Task: Give back only the lines in the records below from the one with "Introducing our Kundan" to the one with "Travelwant 10Pcs Gold", both inclusive, word for word.
----- Available data
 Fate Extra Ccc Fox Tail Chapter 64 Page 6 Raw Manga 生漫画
----------
----- Available data
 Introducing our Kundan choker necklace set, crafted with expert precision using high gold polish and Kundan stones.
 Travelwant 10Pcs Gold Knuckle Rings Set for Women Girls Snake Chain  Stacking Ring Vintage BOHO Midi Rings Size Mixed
----------
----- Available data
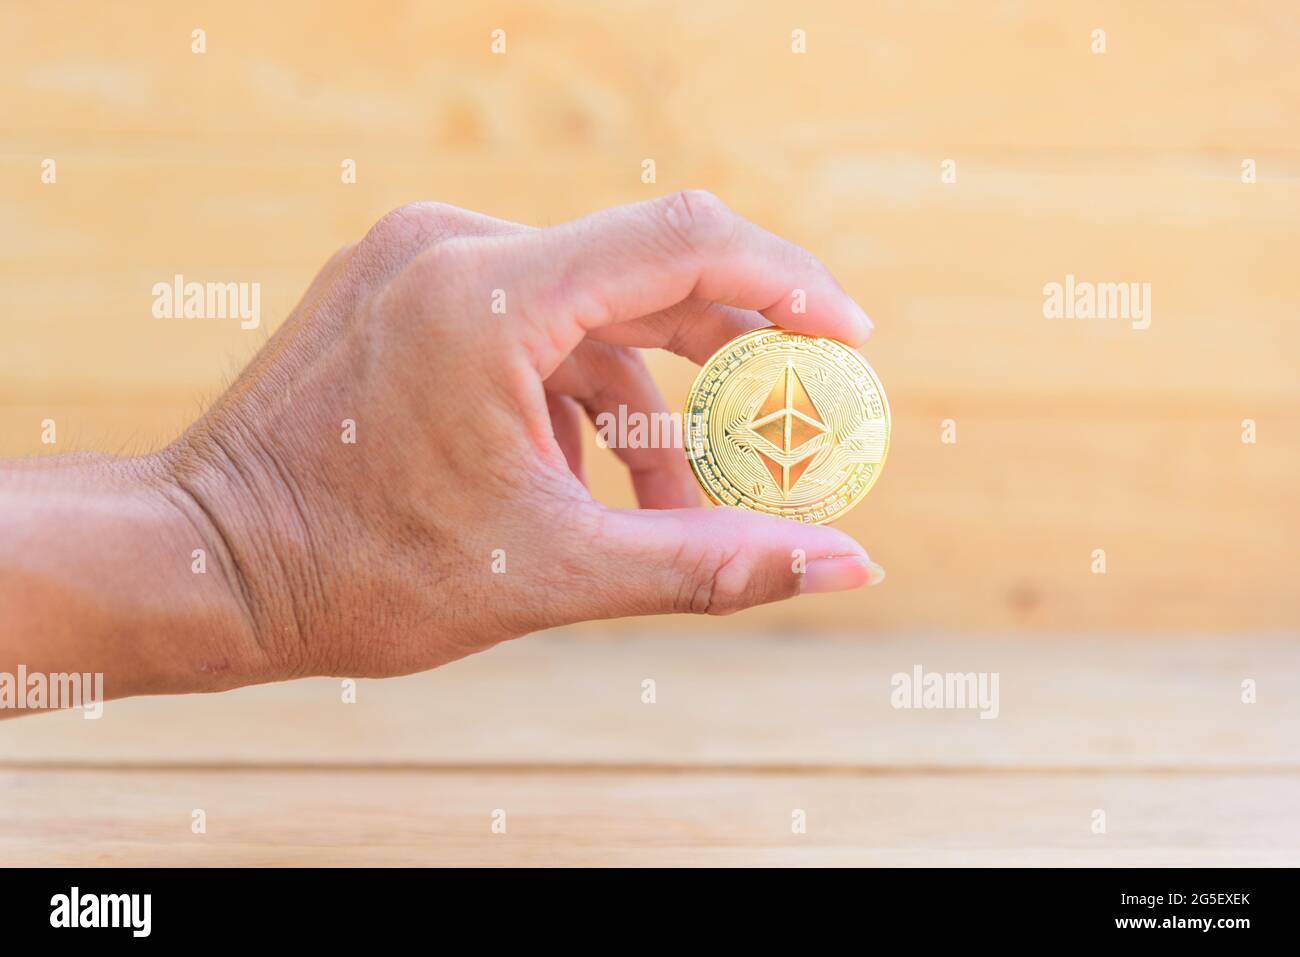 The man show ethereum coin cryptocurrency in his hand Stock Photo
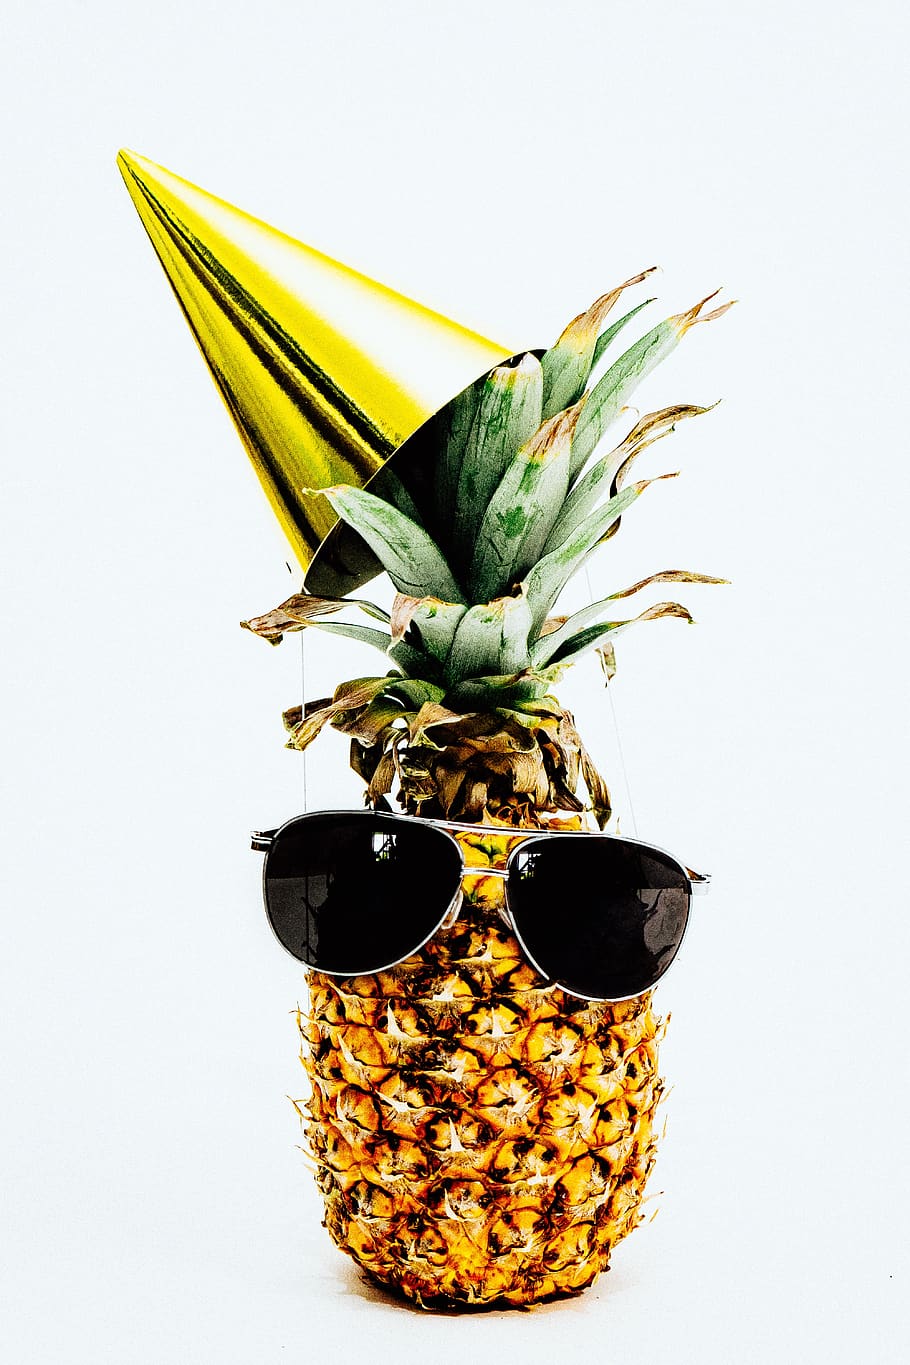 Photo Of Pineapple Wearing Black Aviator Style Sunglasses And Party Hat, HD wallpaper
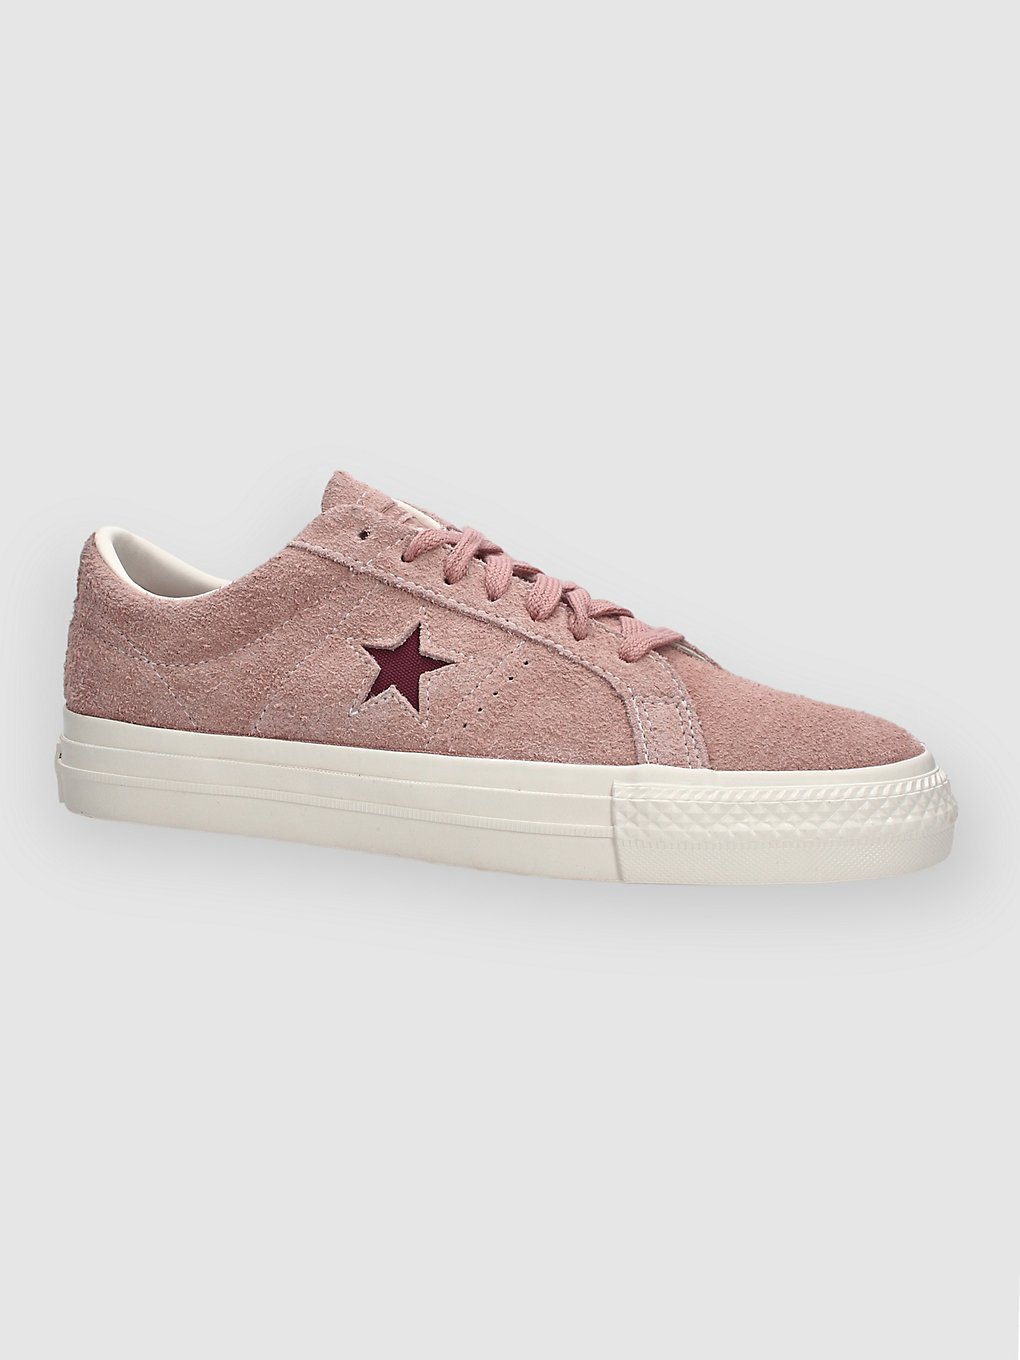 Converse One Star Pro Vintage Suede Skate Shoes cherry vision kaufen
----------
Exercise response:
 Introducing our Kundan choker necklace set, crafted with expert precision using high gold polish and Kundan stones.
 Travelwant 10Pcs Gold Knuckle Rings Set for Women Girls Snake Chain  Stacking Ring Vintage BOHO Midi Rings Size Mixed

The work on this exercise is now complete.